Labour's Jeremy Corbyn has drawn government ire for positing that British anti-terror involvement abroad and police cuts raised the risk of Manchester-like attacks. Premier Theresa May says terrorism is inexcusable.

UK Parlamentswahlen- PK des Labour-Parteichefs Jeremy Corbyn
Image: picture-alliance/dpa/Sputnik/A. Mcnaughton

Corbyn, the leader of Britain's opposition Labour Party, resumed campaigning Friday for Britain's snap election by urging the nation to "be brave enough to admit the 'war on terror' is not working."

"Many experts, including professionals in our intelligence and security services, pointed out the connections between wars that we've been involved in or supported … in other countries, such as Libya, and terrorism here at home,"  said Corbyn, a veteran anti-war campaigner.

He promised to reverse police cuts, many of them implemented by May in her former role as interior minister, saying Britain could not be "protected on the cheap." 

Terrorism inexcusable

From the G7 summit in Sicily, Prime Minister May accused Corbyn of suggesting that it was Britain's own fault for Monday night's suicide attack at a Manchester pop concert that claimed 22 lives, including children and teenagers.

"There can never, ever, be an excuse for terrorism," she said, adding that through Corbyn's utterances Britain's electoral choice on 8 June had "become starker."

It's not about lack of police resources, says RuddImage: Reuters/BBC/J. Overs

British Home Secretary Amber Rudd said counterterrorism was adequately resourced and condemned what she saw as a causal linkage drawn by Corbyn.

"To suggest that there is any link, that there is any justification, for the events that took place on Monday night in Manchester and UK foreign policy is outrageous," she said.

Security services had foiled 18 plots since 2013, Rudd added, referring to the Tories' term of government since 2010.

Between 2009 and 2016, police numbers fell by 14 percent, or almost 20,000, according to the Institute for Fiscal Studies, a think tank. 

Survey shows Labour gaining

The verbal exchange followed apparent electorate gains by Labour.
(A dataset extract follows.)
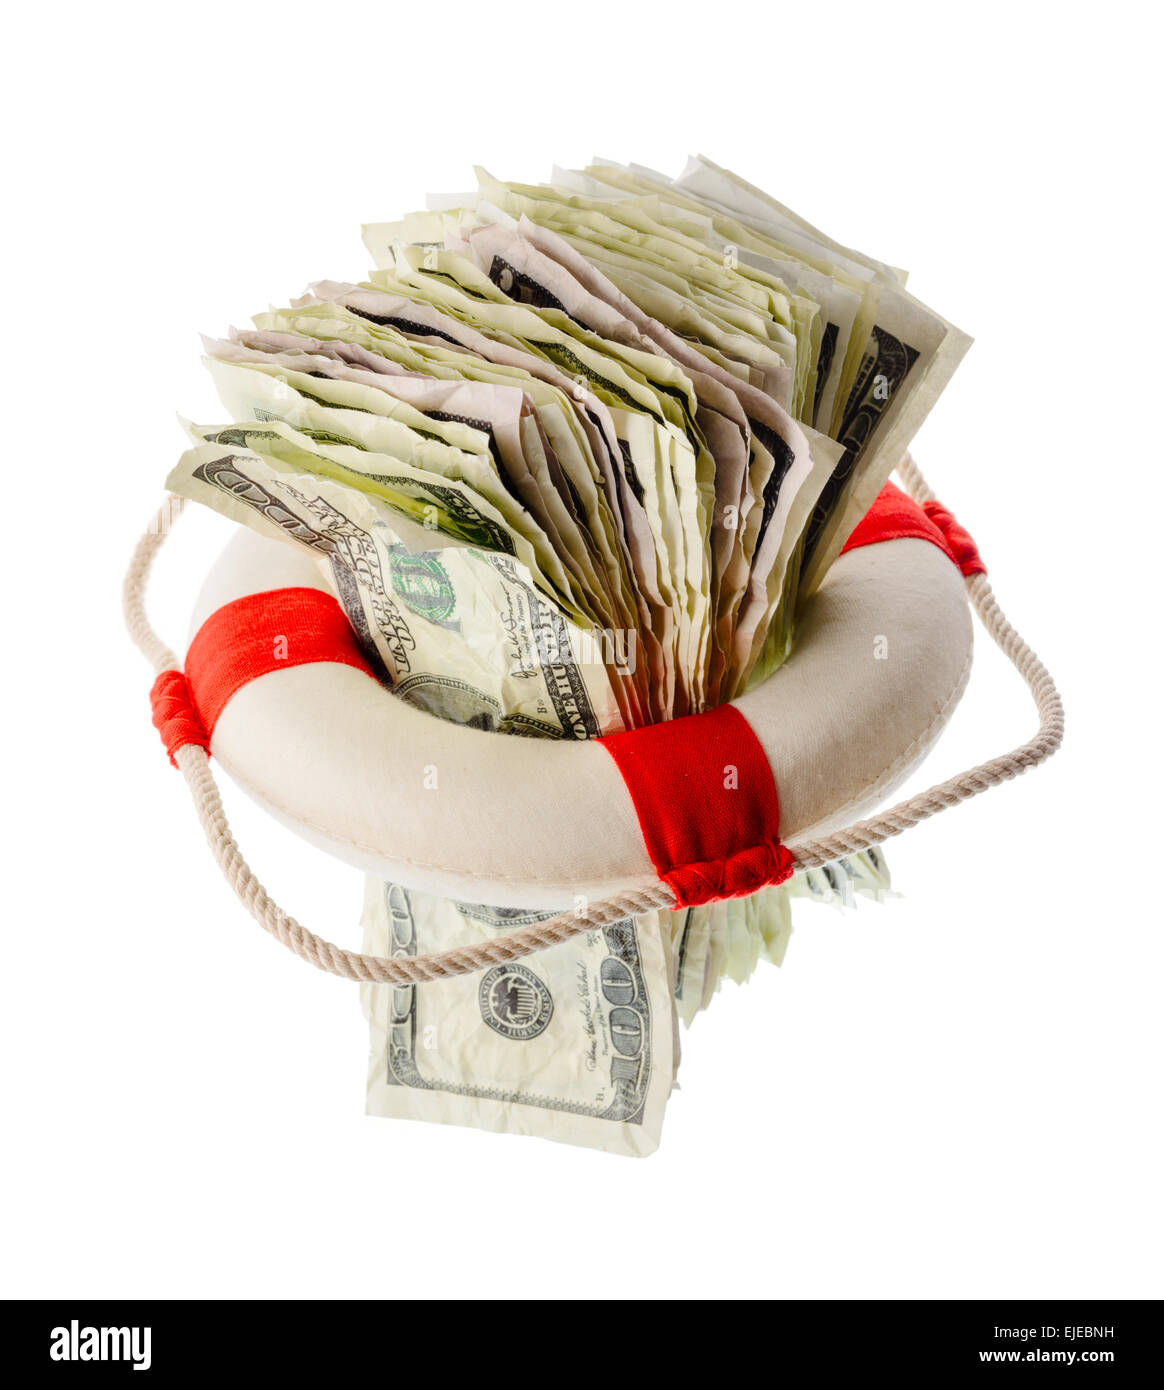 Money and finance: saving dollars, pack of one-hundred dollar bills inside a lifebuoy. Isolated on white background. Not a real Stock Photo

A YouGov poll published Friday put May's conservatives at 43 percent compared to Labour at 38 percent. The sampling was of 2,052 Britons polled on Wednesday and Thursday, in the wake of the Manchester bombing.

Previously, Labour had trailed the ruling party by a double-digit margin.

Corbyn's move Friday to focus on security - an issue little debated in previous campaigning -  appeared aimed at former Labour supporters who shunned the party after former Labour premier Tony Blair backed the US-led invasion of Iraq in 2003.

Two more arrests

Manchester police on Friday said they had arrested two more male residents in connection with the attack on suspicion of terrorism-related offences.

US pop star Ariana Grande also announced on social media that she would hold a benefit concert to raise money for the bombing victims. Some 75 injured survivors remain in hospital, including 23 in critical condition.

The Telegraph newspaper, without quoting sources, claimed that the suspected suicide bomber, 22-year-old Salman Abedi, had learned to make bombs in Libya, his ancestral home.

Threat 'critical' for extended weekend

Rudd said on Friday that Britain's threat level remained at "critical" as residents headed into a three-day holiday weekend. Some 1,000 troops were deployed to assist counter-terrorism police.

"We must not let this terrible terrorist incident impact on our lives." Rudd said, adding that she hoped that Britons would take comfort while witnessing "some additional military presence."